Note: avatar_options.avatar_layout accepts only: host_only, host_pip, smart_composition.

CLI arguments (avatar, voice) override config file values.

Source of truth for the exact CLI surface: run scripts/visla_cli.sh --help or python3 scripts/visla_cli.py --help.

Script Format

**Scene 1** (0-10 sec):
**Visual:** A futuristic calendar flipping to 2025 with digital patterns.
**Narrator:** "AI is evolving rapidly! Here are 3 game-changing AI trends."

**Scene 2** (10-25 sec):
**Visual:** Text: "Trend #1: Generative AI Everywhere." Show tools like ChatGPT.
**Narrator:** "Generative AI is dominating industries—creating content and images."

Workflow

The script, url, doc, idea, visual, and speech commands execute the complete flow automatically:

  1. Create project
  2. Poll until generation completes (may take a few minutes)
  3. Auto-export and return download link

Execution Instructions:

  • Inform user that video generation takes some time
  • Report progress status periodically during polling

Timeout Guidance

  • This workflow typically takes 3-10 minutes, but can take up to ~30 minutes in the worst case. Set the

task/command timeout to >= 30 minutes (Windows defaults are often ~10 minutes and need to be increased). If you
cannot change the timeout, warn the user up front and, on timeout, ask whether to continue or switch to a step-by-step
run.

  • If timeout occurs, the CLI returns project_uuid in the output.
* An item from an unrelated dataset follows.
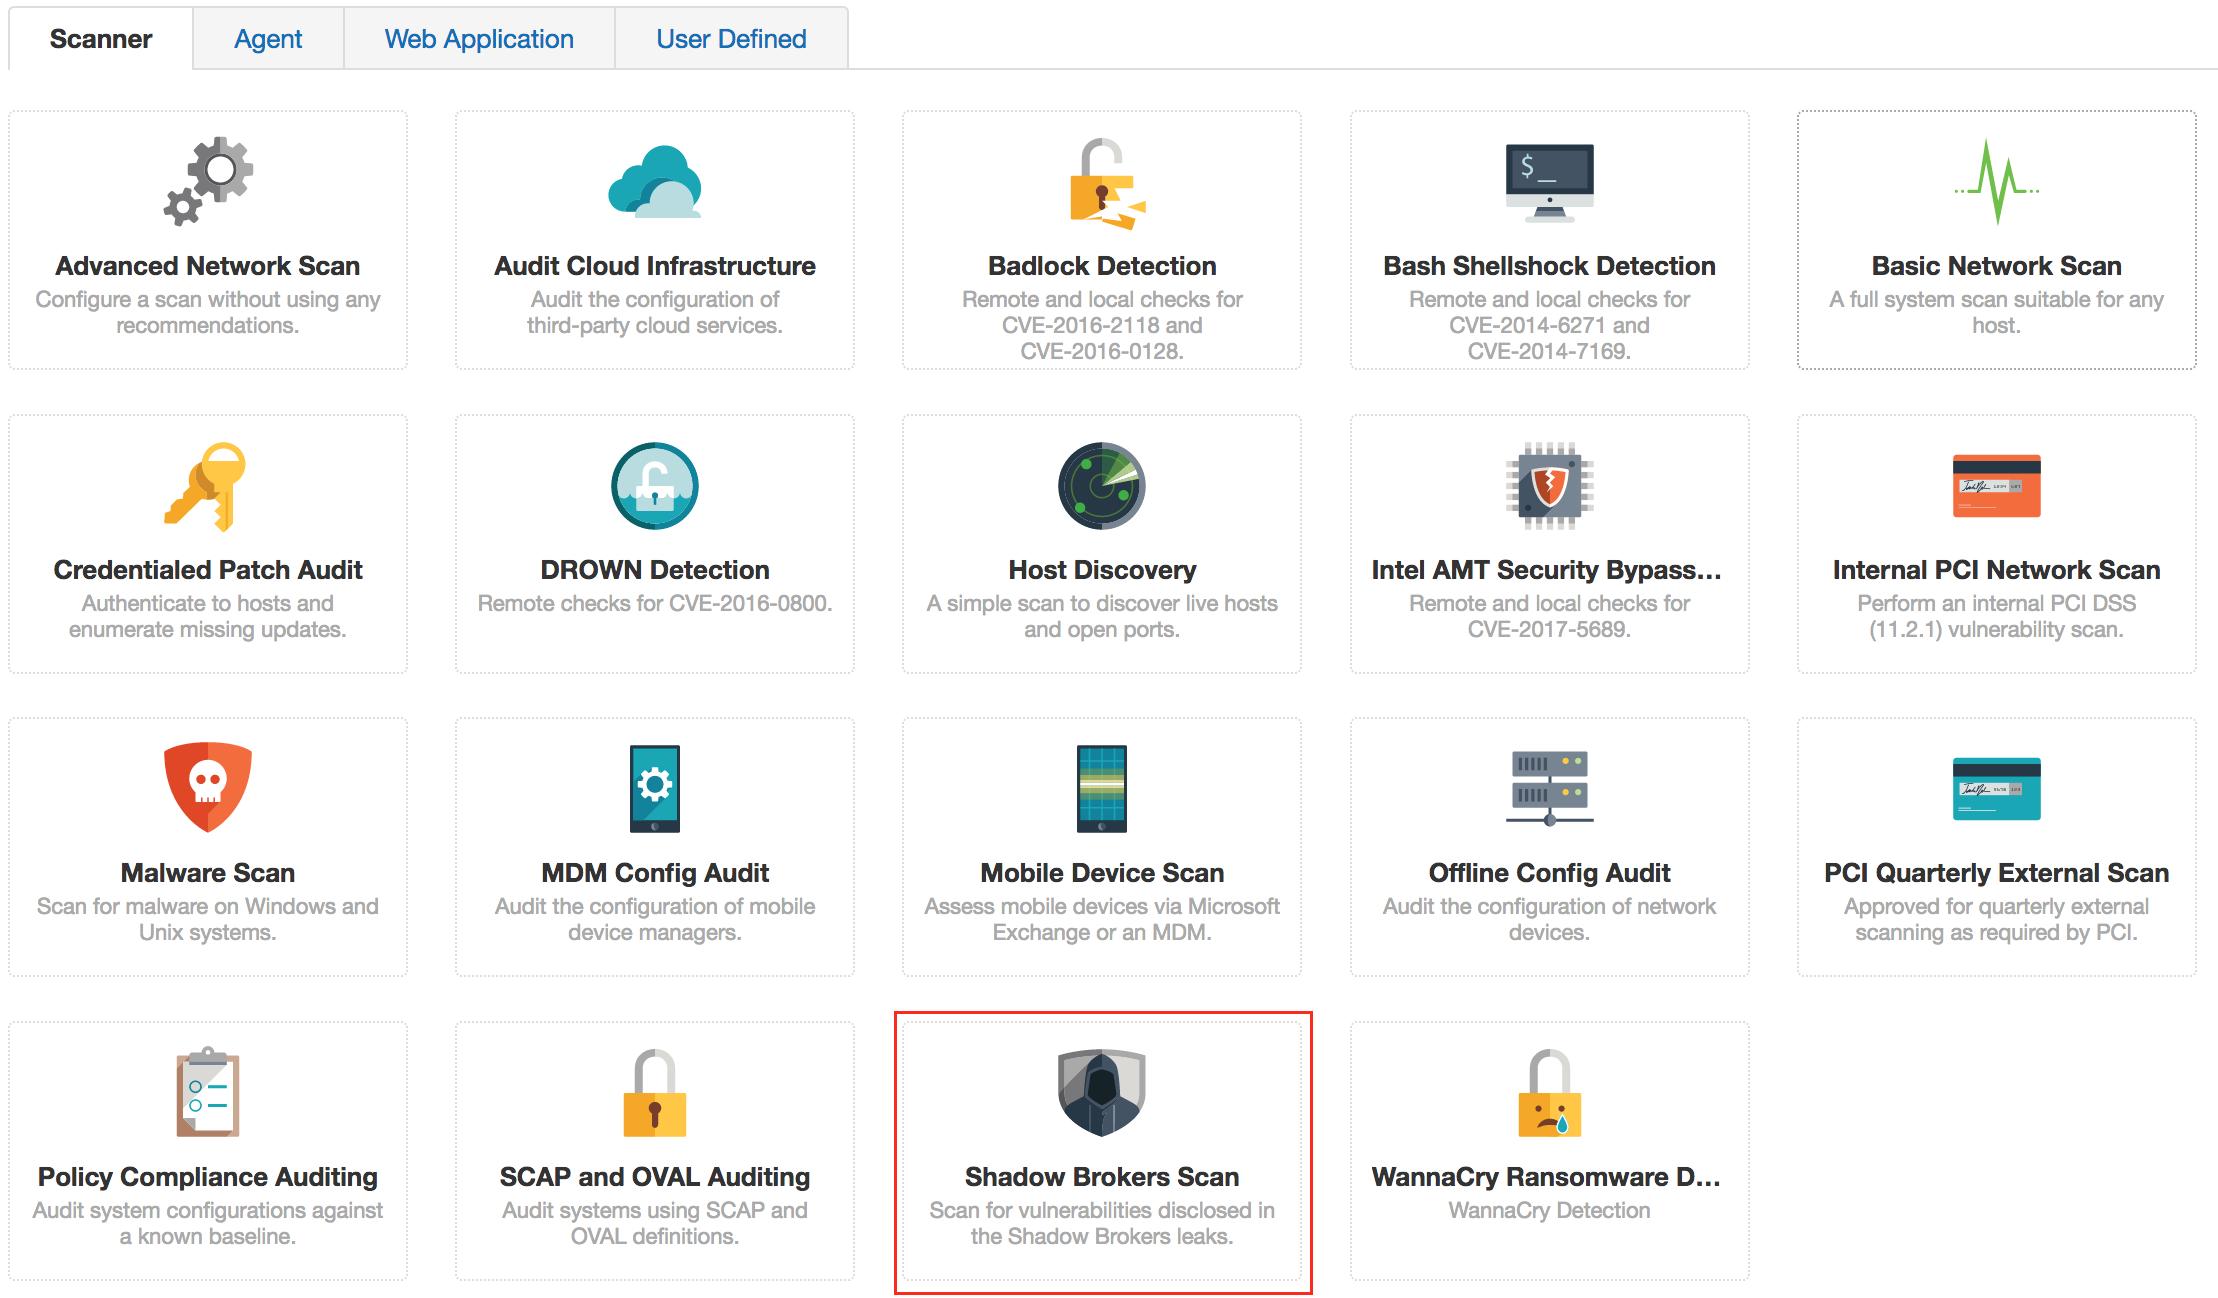 Tenable.io scan template for Shadow Brokers vulnerabilities

Inform the user they can manually check project

status and continue later using the Visla web interface or API.

Examples

/visla script @myscript.txt
/visla script "Scene 1: ..."
/visla url https://blog.example.com/article
/visla doc presentation.pptx
/visla idea "Create a video about machine learning"
/visla idea @my_idea.txt
/visla visual image.jpg
/visla visual photo1.jpg photo2.jpg photo3.jpg
/visla visual image.jpg --script "Description of the images..."
/visla visual image.jpg --style montage
/visla speech interview.m4a
/visla speech podcast.mp3 audio1.mp3 audio2.mp3
/visla speech podcast.mp3 --function SPEECH_TO_VIDEO_SUMMARY
/visla account
/visla avatar
/visla voice

# With config file
/visla script "Scene 1: Hello" -c config.json

# With avatar/voice (CLI overrides config)
/visla script "Scene 1: Hello" --avatar avatar_123 --voice voice_456

Supported Document Formats

  • PowerPoint: .pptx, .ppt
  • PDF: .pdf

Supported Media Formats

Visual Resources (visual command)

  • Images: .jpg, .jpeg, .png, .gif, .webp
  • Videos: .mp4, .mov, .avi, .mkv

Audio/Speech (speech command)

  • Audio: .mp3, .wav, .m4a, .aac, .flac
  • Videos: .mp4, .mov, .avi, .mkv

Output Format

  • Start: Display "Visla Skill v260501-1423" when skill begins
  • End: Display "Visla Skill v260501-1423 completed" when skill finishes

Security

The CLI scripts enforce the following safety measures to prevent unauthorized file access:

  • Path traversal: Paths containing .. are rejected.
  • System directories: Access to /etc/, /proc/, /sys/, /dev/, /run/, /var/log/ (and Windows equivalents) is denied.
  • Text file extension restriction: The @file syntax in script, idea, and visual --script commands only accepts .txt, .md, .srt, .vtt, .csv files.
  • Document/media file validation: The doc, visual, and speech commands validate file extensions against supported formats before upload.
  • Credentials: The Python CLI auto-detects ~/.config/visla/.credentials only. No arbitrary credential file paths are accepted.
  • User consent: The agent must ask for user consent before accessing local files, as specified in the "Before You Start" section.